What exactly is a Robot?
A Robot in Search engine optimization services terminology is a search engine software program which visits a page on a website and follows all the links of the website from that page and indexes some or all of the pages in the website.
Why do we need robots?
Everyday search engines receive hundreds of new website submissions. It is quite cumbersome and time consuming for a human to review the whole of the website and judge whether that particular website meets the search engine optimization standards and index the same. Here is where our friend robot comes into picture. Robots are highly intelligent software programs which crawl the entire website, checking the relevancy, consistency and significance of the site thereby effectively indexing the website into the search engine database reducing the amount of time consumed per site. In this way a robot can quickly index more sites per day. Though a robot is not a very critical aspect of search engine optimization services technology, it is advisable to include it.
Controlling a Robot
Normally, a robot visits the home page of the site and follows the links present in the page, scanning each link and page. Sometimes we do not prefer a robot to index a particular page(s) in our site. For instance, you might want a series of pages to be viewed in sequence and would like to index only the page one. To achieve this, we have a special kind of Meta tag known as Robots Meta tag. The robots Meta tag is similar to other Meta tags and is placed in the head of the document. This tag dictates the robot which pages to be indexed, which pages not be indexed, which links should be followed and which links should not be followed.

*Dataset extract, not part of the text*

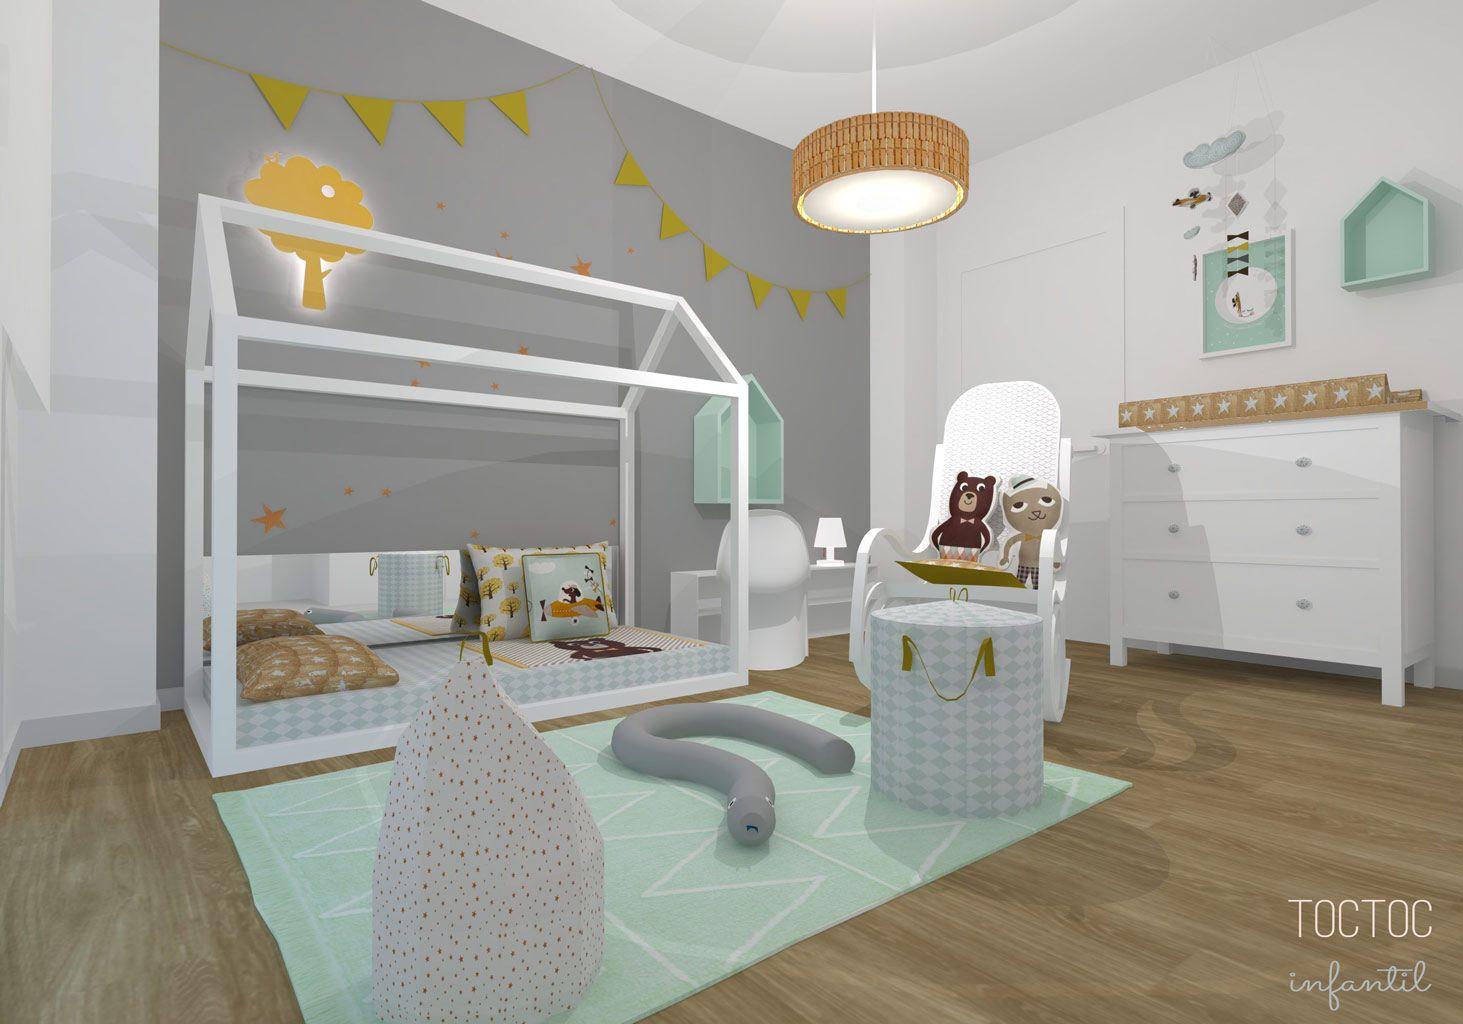 Montessori mint y mostaza toc toc infantil http www for Cuarto xl mostaza

A typical meta robots tag would resemble as follows - This blog is not allowing to post the meta robot tag.
The meta tag describes us that the robot should index the page visited but to not follow the links in the page.
The other most and significant part of controlling robots is the robots.txt file. The robots.txt file is used primarily to control areas or portions of the website by excluding those portions being visited by the robot. Whenever a robot visits a site, it first checks the robots.txt file.
The robots.txt file,
- is a text file created in notepad or any text editor
- should be placed in the top level directory or root of the website or server space
- should include all lower case letters
Through the robots.txt file we can,
- Exclude all robots from visiting the server
- Allow complete access to all robots
- Exclude robots from accessing a portion of the server
- Exclude a specific robot
- Exclude certain type of files from accessing by specifying the file extensions.
Finally, we can conclude that the robots.txt file basically acts as a filter thereby providing total control over the search engine robot.
While talking of robots I would like to mention the revisit tag. This tag is an important tag in the realm of search engine optimization services technology. The revisit tag tells the search engine the time duration after which it should visit your site again. If you change your site's contents frequently then your revisit time should be say a week else it can be higher. Your search engine rankings dip if the search engine visits you a second time and finds that the content has not been altered significantly. Though not all search engines honor the Revisit tag, it is advisable to include the tag. If you are keen on top search engine rankings use the revisit tag judiciously.